The Tuttle Bottoms Monster is a legendary creature said to inhabit a swampy area, north of Harrisburg, Illinois, on the Saline River watershed, usually described as ape-like and hairy with a long snout similar to an anteater.

==Reports==
The Tuttle Bottoms Monster legend is familiar to generations of Saline County residents. Former Harrisburg Police Chief Gary Crabtree told the Harrisburg Daily Register that his department received approximately 50 reports over 28 years of an unidentified beast in the area northwest of Harrisburg, some reporting a creature with two legs and some with four. Most described it as having a long, almost anteater-like snout.

On August 6, 1963, The Harrisburg Daily Register reported what seemed to be the first report of the creature.

"Saline County Sheriff James L. Thompson spent a busy night last night, starting about 11 p.m. and ending about 4:30 a.m. The Sheriff said he ran across a youth at Tuttle Bottoms about 11 p.m. The young man was armed with a rifle and told Thompson that there was a monster loose in the bottoms. He said it was eight feet long, four feet high and had a nose like an anteater. The young man put his rifle in his car and left, and later Thompson ran across about a dozen boys, armed with shotguns and other weapons and all looking for the “monster” in the bottoms. Their Sheriff soon dispersed the boys and sent them home."
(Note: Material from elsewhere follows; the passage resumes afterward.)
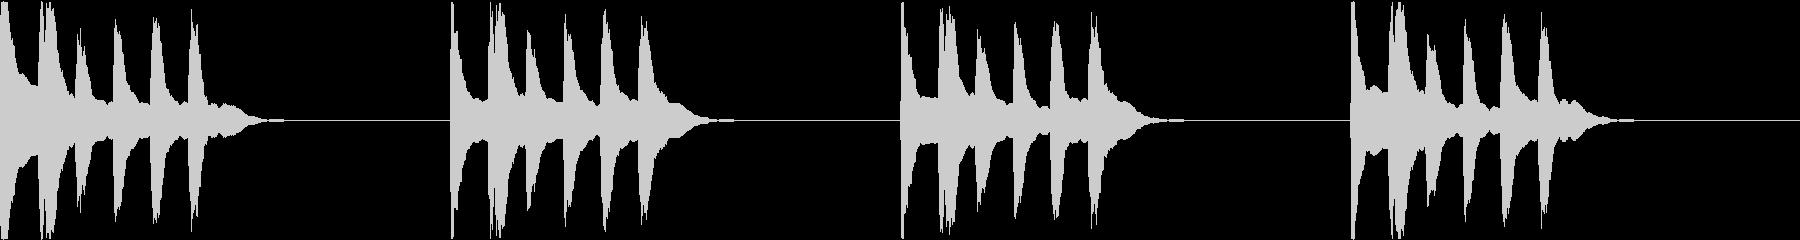 シンプル ベル 着信音 チャイム C-5の未再生の波形

A local resident named Virgil Smith told the Register he believes the creature is not a monster out of myth but was an actual animal "released by the federal government" that has long since died. Smith said the creature was a hairy primate, stood on two legs, and was not scared of humans, adding that one couple reported the animal walked right up to them. Smith also claims that a former employee of the U.S. Department of Agriculture confided to him that the department had launched a private investigation into the Tuttle Bottoms Monster.

The earliest reports of the creature date to the 1960s by teenagers who used the area as a local "make-out" spot and by hunters who would make frantic calls to the police after seeing the creature. It was rumored that some murders took place in the Bottoms during that time.